Capitol Correspondence - 04.07.20

CMS Withdraws Proposed Rule That Would Have Tightened Medicaid Eligibility

Share this page

ANCOR has been following proposed changes to Medicaid eligibility regulations because of the potential challenges this could create for people with disabilities and their ability to access long-term supports and services. As ANCOR members know, Medicaid funds the majority of disability supports in the United States.

As reported by Modern Healthcare:

“The [Centers for Medicare and Medicaid Services] CMS on Tuesday withdrew its proposed rule to crackdown on state Medicaid eligibility determinations from the Office of Management and Budget’s regulatory review process.

‘This proposed rule would strengthen the integrity of the Medicaid eligibility determination process including verification, changes in circumstance, and redetermination,’ the agency said in its description of the rule. The proposed rule was supposed to be published in April.

But many healthcare experts worried that tightening eligibility rules would make it tougher for eligible people to enroll in the program and maintain coverage, even if it reduced improper Medicaid enrollment and federal payments to states.

‘While the specific contents of the rule aren’t known … when finalized, it will put downward pressure on program enrollment,’ wrote Chad Mulvany, director of healthcare finance policy, strategy and development for the Healthcare Financial Management Association.

The Trump administration seems to have gotten cold feet about going through with the proposed rule now that the coronavirus pandemic has upended the U.S. healthcare system and the economy.

Officials might be wary about proposing new rules that would likely increase the uninsured rate and make it difficult for many people to maintain continuous coverage as unemployment spikes during a massive public health crisis.

Public health experts worry that people will be less likely to seek treatment if they’re worried about medical bills, which could worsen the outbreak.

And providers have already seen an uptick in uncompensated care and budgetary pressure thanks to new restrictions that prevent them from carrying out more profitable elective surgeries and procedures.

Congress included additional Medicaid matching funds in its second relief package to shore up state and hospital budgets. The proposed rule may have done the opposite and created a public relations problem for the Trump administration, even before it finalized the rule.

Many states have sought to expand access to care through their Medicaid programs in response to COVID-19, a move supported by a number of experts and policymakers.

The Trump administration has made reducing waste, fraud and abuse in the Medicaid program a key part of its healthcare strategy, in part, because Medicaid covers more than 76 million people in the U.S. and makes up about 1 in 6 dollars of national healthcare spending, according to the Kaiser Family Foundation.

The CMS unveiled its so-called ‘Medicaid Program Integrity Strategy’ in June 2018 to limit Medicaid spending growth, which has been driven by the program’s expansion to most low-income adults in 36 states and the District of Columbia.

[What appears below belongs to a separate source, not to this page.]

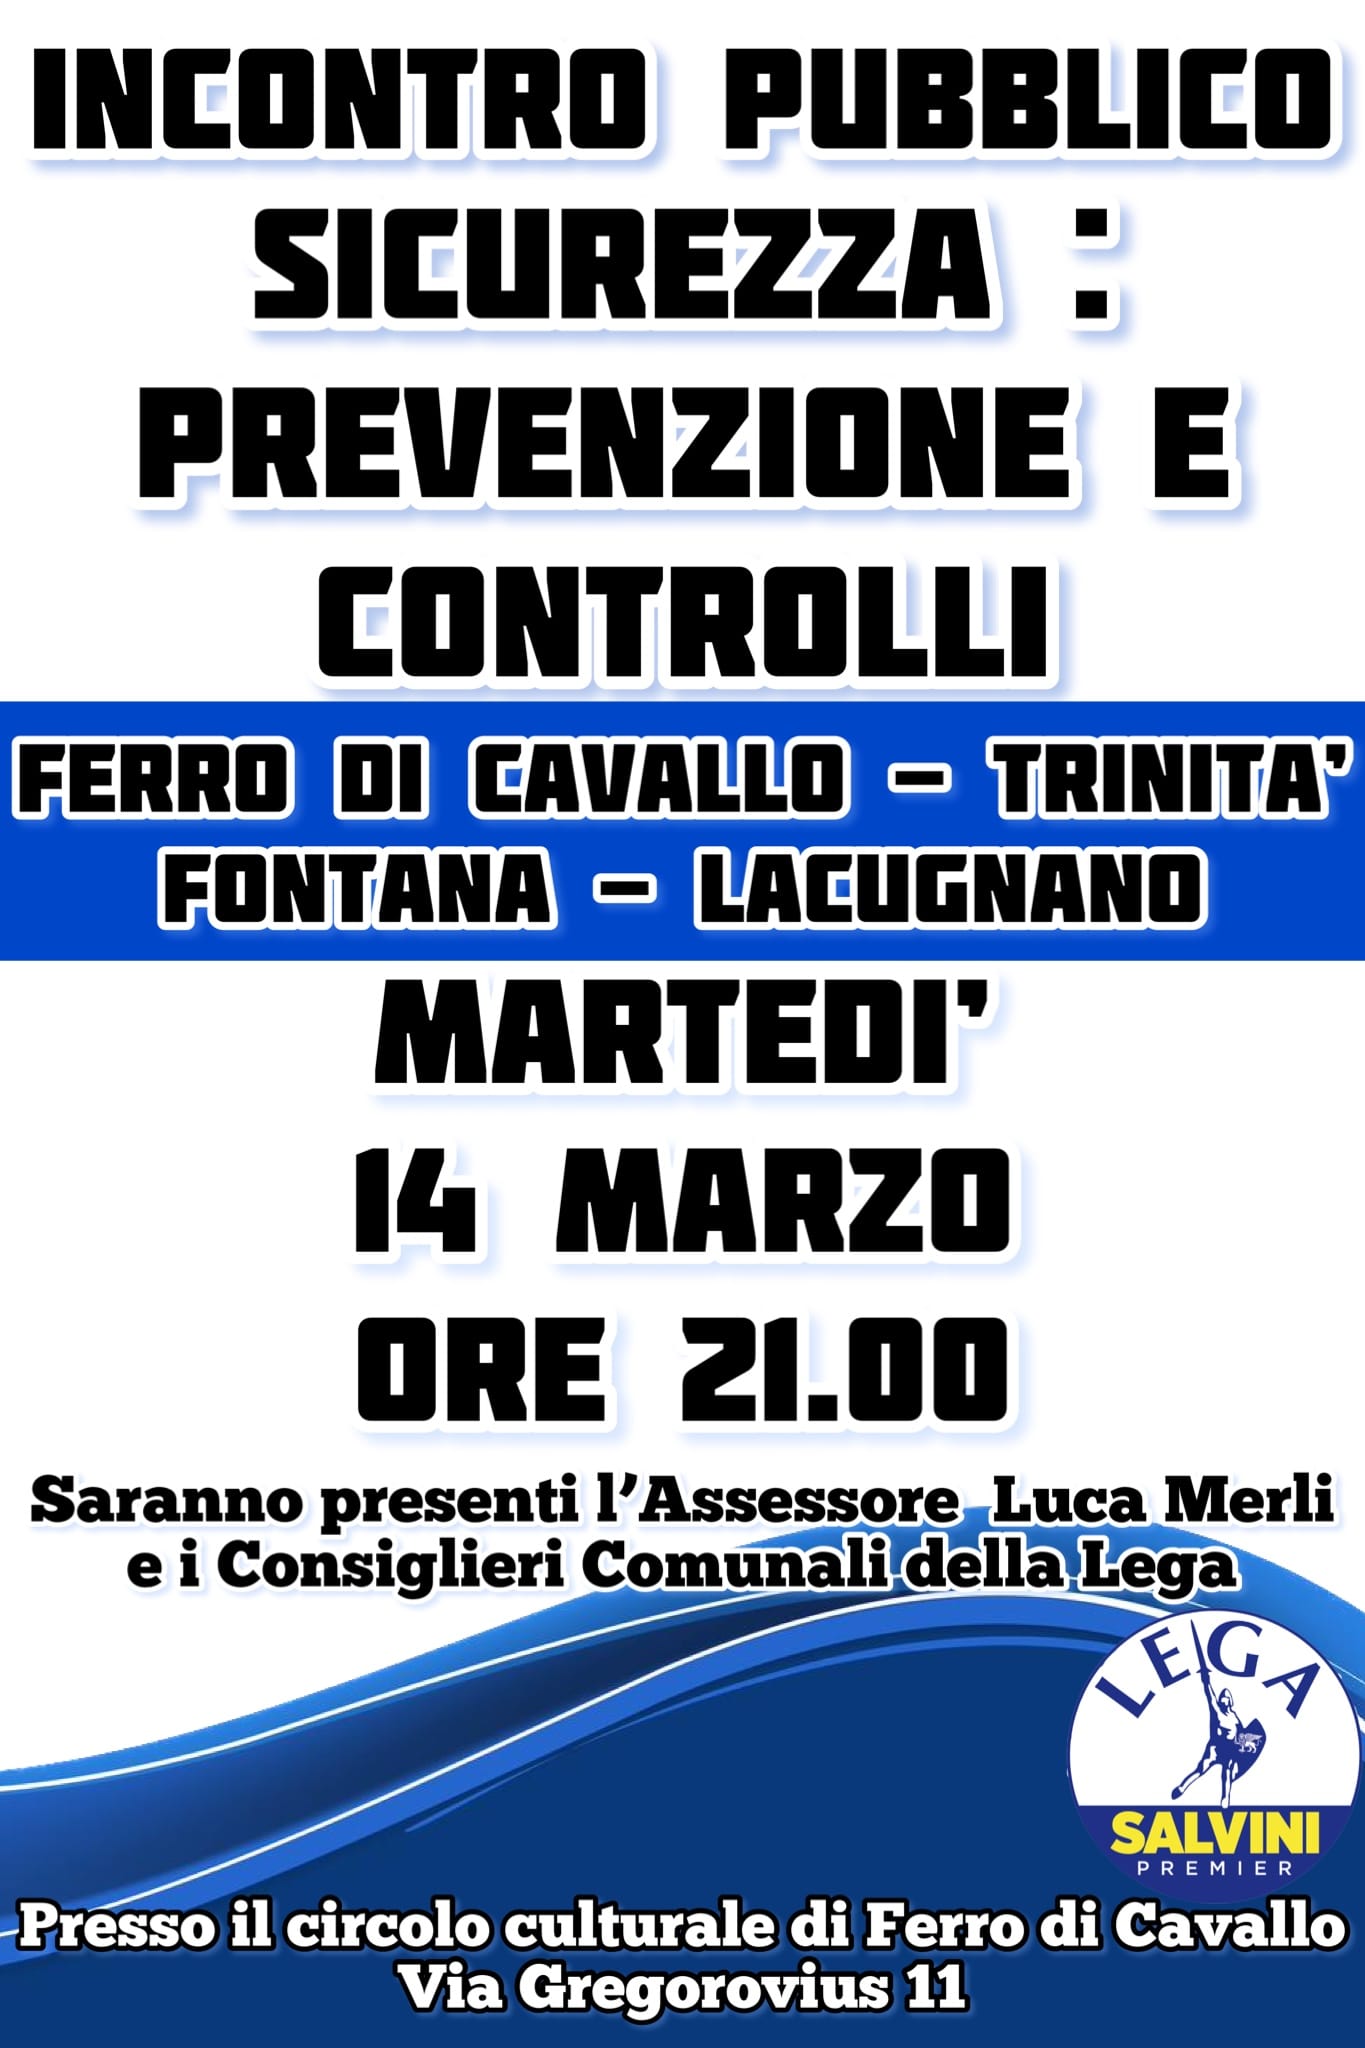 Locandina evento sicurezza Perugia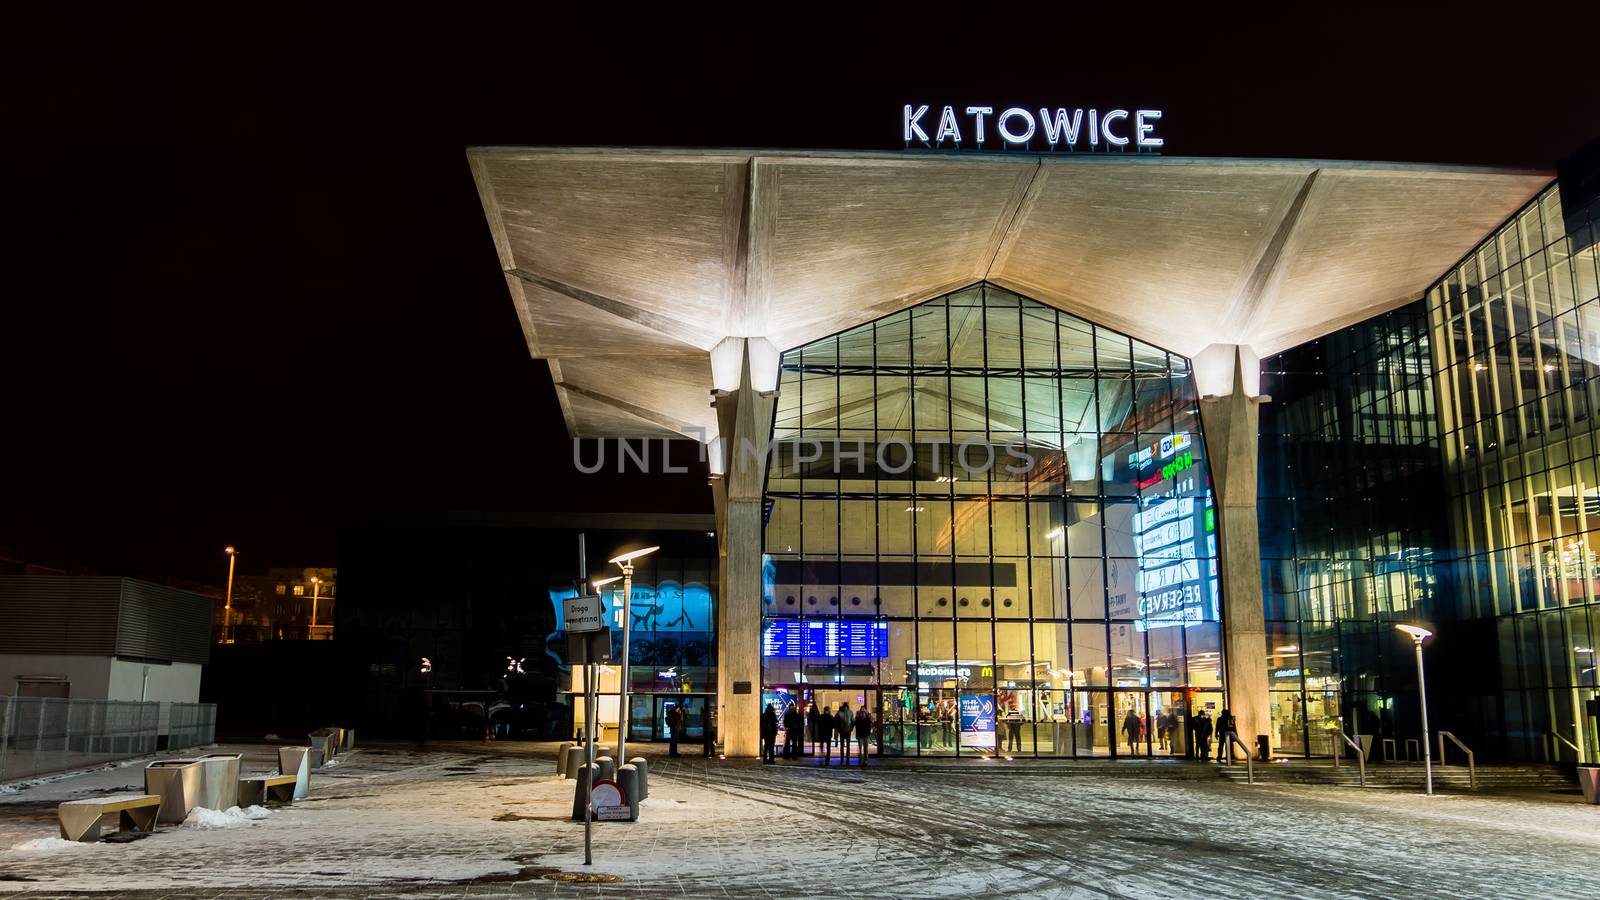 Railway station  in Katowice by pawel_szczepanski

The proposed rule was an essential part of its strategy.

‘While the primary responsibility for ensuring proper payments in Medicaid lies with states, CMS plays a significant role in supporting states’ efforts and holding them accountable through appropriate oversight and increased transparency,’ CMS Administrator Seema Verma wrote in a June 2019 blog post.

But leading experts think that the administration has overstated the extent to which improper Medicaid payments are driven by ineligible people enrolling in the program, citing significant problems with the way improper payments are measured and how the data has been interpreted.

The CMS did not respond to a request for comment before deadline.”